1 pkg quick rise yeast
1 1/4 cup lukewarm water
2 T. Olive oil, plus extra for brushing
2 t. table salt
3- 3 1/2 Cups unbleached bread flour
course sea salt for sprinkling
In the bowl of an electric mixer, dissolve yeast in the water. Stir in oil and salt. Gradually stir in 3 cups flour until dough holds its shape. Knead (by hand or with dough hook) until smooth and elastic (about 10 min, or 6 with hook).
Form the dough into a ball and place in a clean, greased bowl, turning to coat on all sides. Cover and let rise in a warm place until doubled (60 min).

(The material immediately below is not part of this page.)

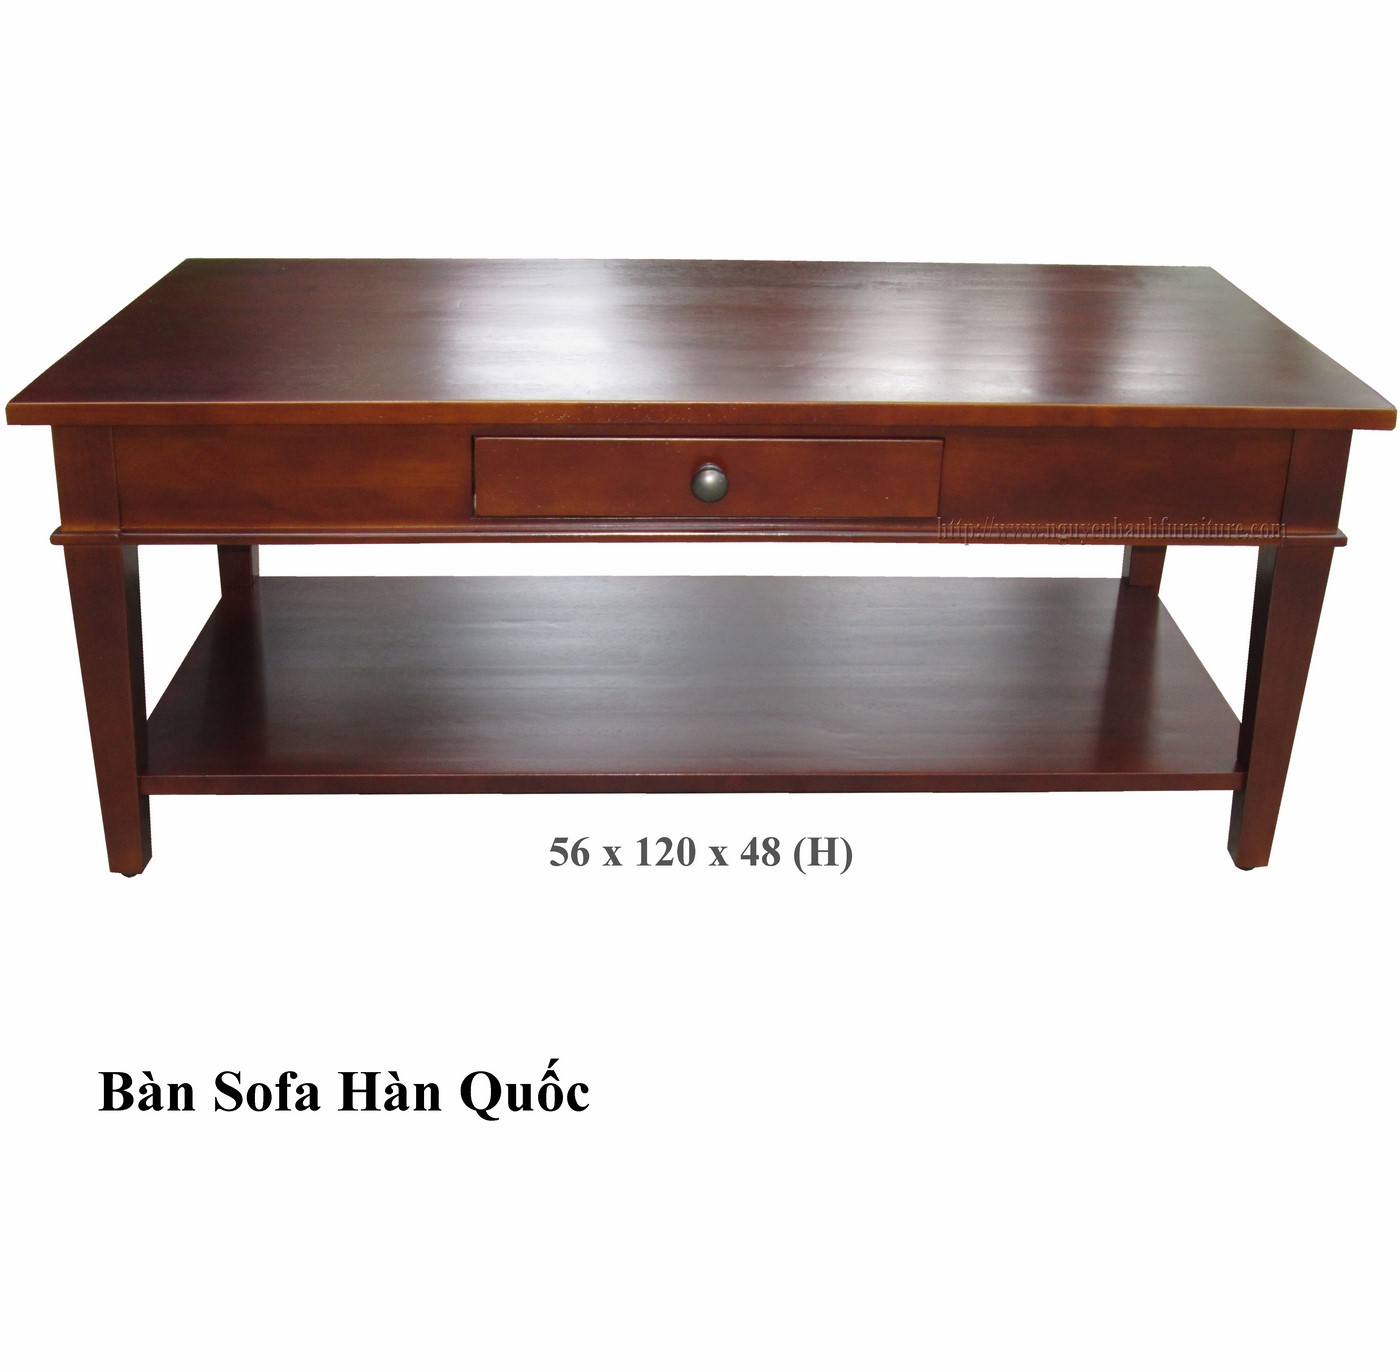 Name product: Sofa table Korea - Brown Color - Dimensions: 56 x 120 x 48 - Description: Wood natural rubber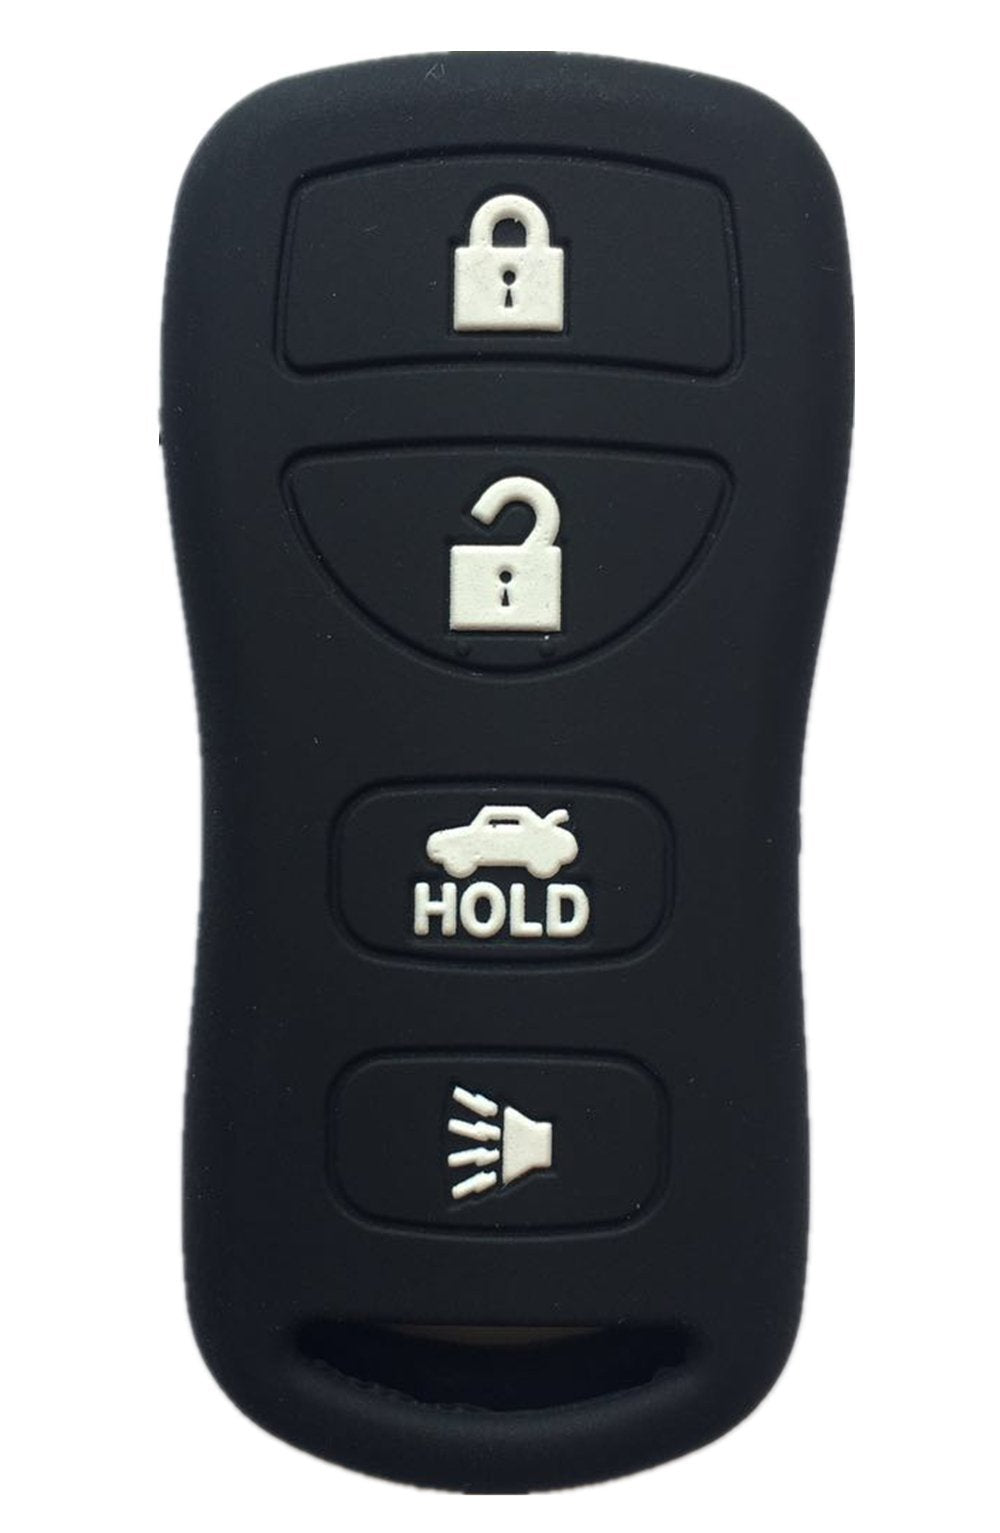  [AUSTRALIA] - Rpkey Silicone Keyless Entry Remote Control Key Fob Cover Case protector For Infiniti FX35 FX45 G35 I35 Q45 QX56 Nissan 350Z Altima Armada Maxima Quest Sentra KBRASTU15 28268-C991A 28268-ZB700

Using oil, grease large baking sheet or pizza stone. Turn out dough onto a floured surface and press flat. Again form a ball. Place on prepared sheet or stone and let rest 5 min. Using your fingers, stretch out the dough until it covers the bottom of the pan. Cover with a clean kitchen towel and let rise until puffy, about 35 min. Preheat oven to 400F.
Using fingertips, make dimples in the dough. Brush the surface with oil and sprinkle with sea salt (I also like to add dried rosemary)
Bake until golden brown (15-20 min), brushing with oil half way through the baking and again at the end.